Peterborough Stop Smoking Service has been identified as one of the top 15 performing services in England and as a result we may be offered a free independent service provider review, to take place between January and March. The aim of this work is to ascertain from top performing areas  what elements of the support we commission result in the success achieved; so that other areas can learn from us and our service providers and Peterborough will receive  national recognition for the impact this support has on the local population.

Accredited Training
The Healthy Lifestyles Team has been very busy delivering Royal Society of Public Health Accredited Training Courses. In November we delivered our L1 Health Awareness and Level 2 Understanding Health Improvement courses in a wide variety of settings – to 6th Form Students at Thomas Deacon Academy, Y10 & 11 students at Voyager and Ken Stimson Community schools, Staff and Volunteers from PCVS, long term jobless service users at Papworth Trust, Recovery College students and mental health advocates and practitioners, Community and Youth Health Champions and people with Learning Disabilities who attend the daycentre at 49 Lincoln Road.

Our learners have ranged in age from 14 to 80+, showing that learning really can be a lifelong activity!

We had some wonderful feedback from the staff at 49 Lincoln Road who said; ‘I wanted to write and commend the above training course which was delivered very effectively here by your trainer during October/November. We are looking forward to hosting a Level 2 Course in 2014. Putting it very simply, 49 Lincoln Road is a place for Adults with a Learning Disabilities to meet with a particular emphasis on learning and earning. So your course fitted beautifully into the pathway we are currently on. The Course really engaged our people and was very well delivered.’

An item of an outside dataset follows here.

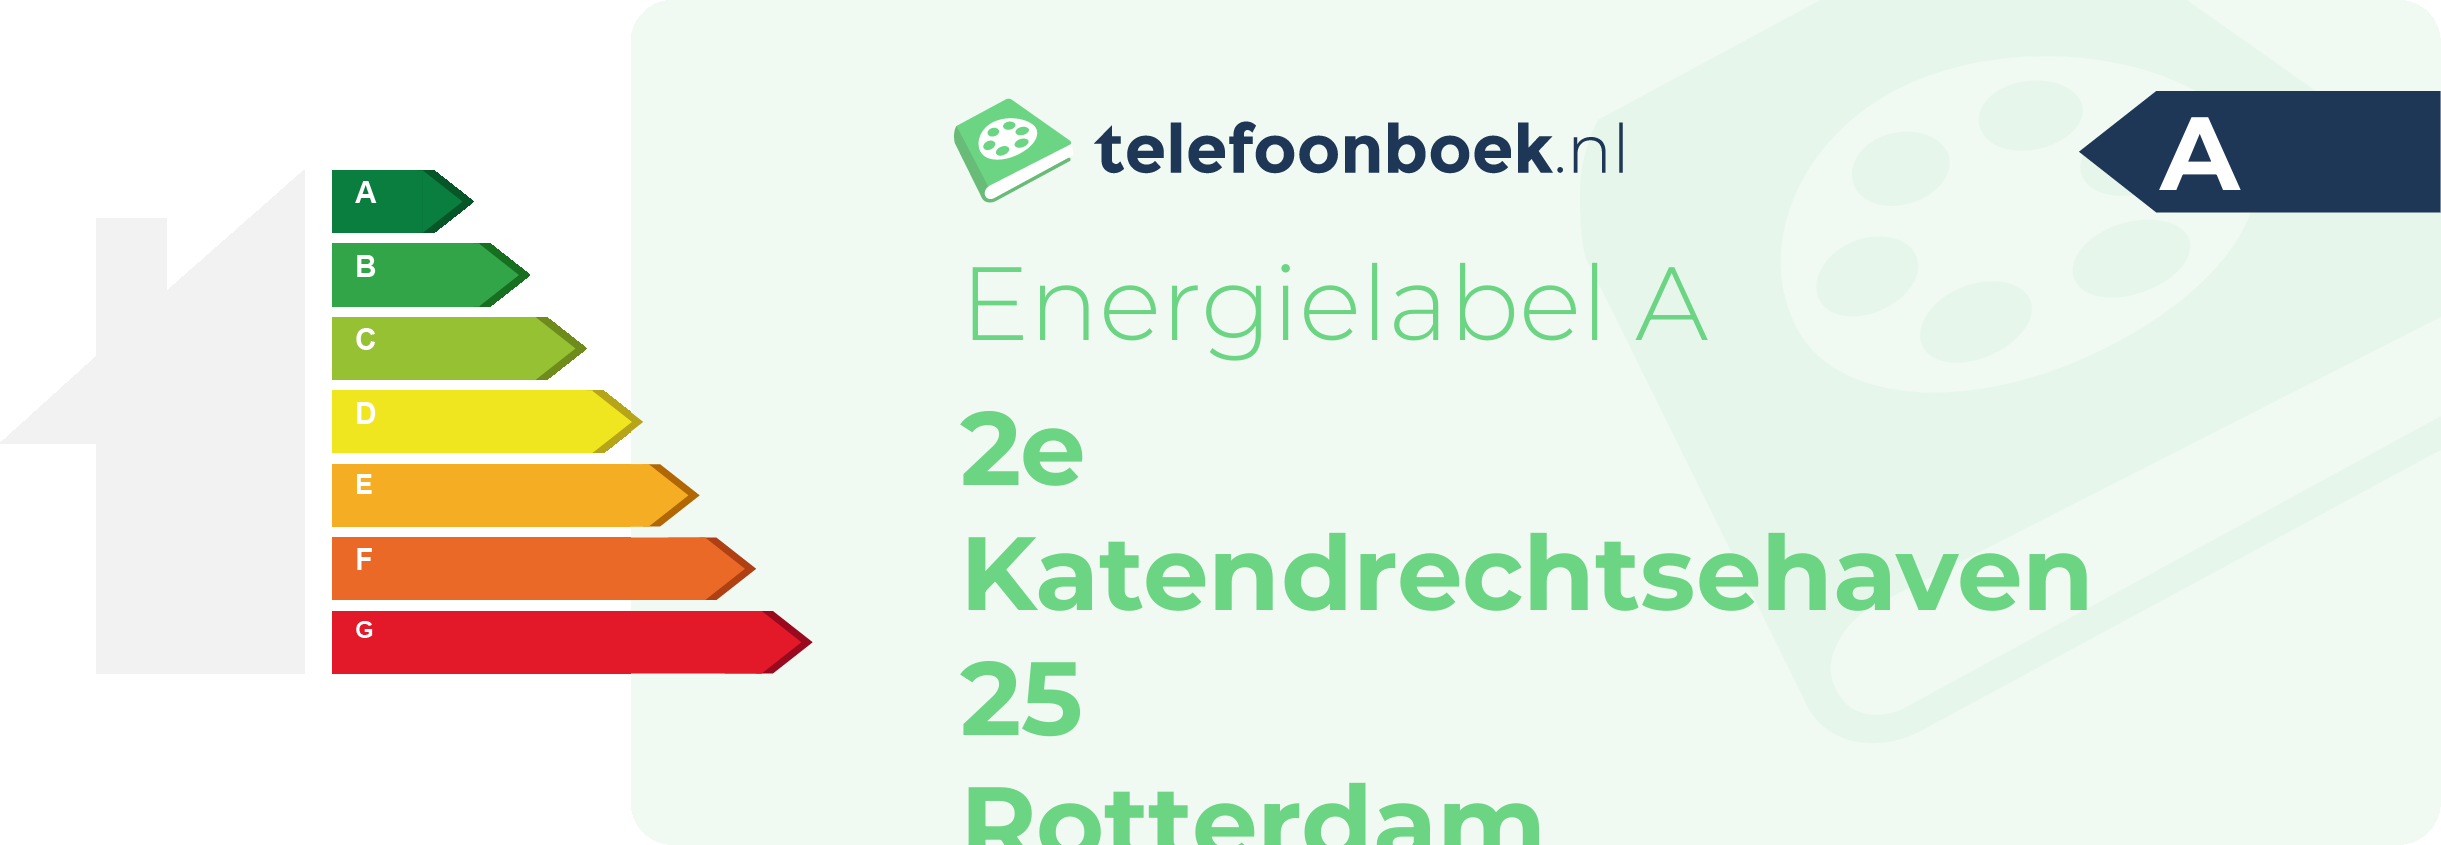 Energielabel 2e Katendrechtsehaven 25 Rotterdam

We developed a new course, RSPH Level 2 in Behaviour Change, and delivery started for the first time on 18 December 2013 to front line staff at Papworth Trust who work with people who have been long term unemployed. It will be rolled out to other public facing and advice staff and our volunteers in due course.

Workplace Health
Workplace Health Champions Day was held in November 2013 by the Live Healthy Team, in partnership with British Heart Foundation with inaugural training and team building for our Workplace Health Champions.

Workplace Health Champions Day

Eighteen existing and potential Work Health Champions attended, from organisations and businesses across the City including Perkins Engines, Buckles Solicitors, Job Centre Plus, Environment Agency, Cross Keys Homes, Thomas Cook and HM Passport Office. The day started with sessions around the role of the Workplace Health Champion, the importance of being a Workplace Health Champion and benefits for individuals, businesses, the City and further afield. The Champions were also able to practice their health promotion skills. In the afternoon Diane Card from BHF lead a workshop on developing Health Promotion Action plans for the workplace and each Champion left with an action plan in place, and signed up for further training and development opportunities.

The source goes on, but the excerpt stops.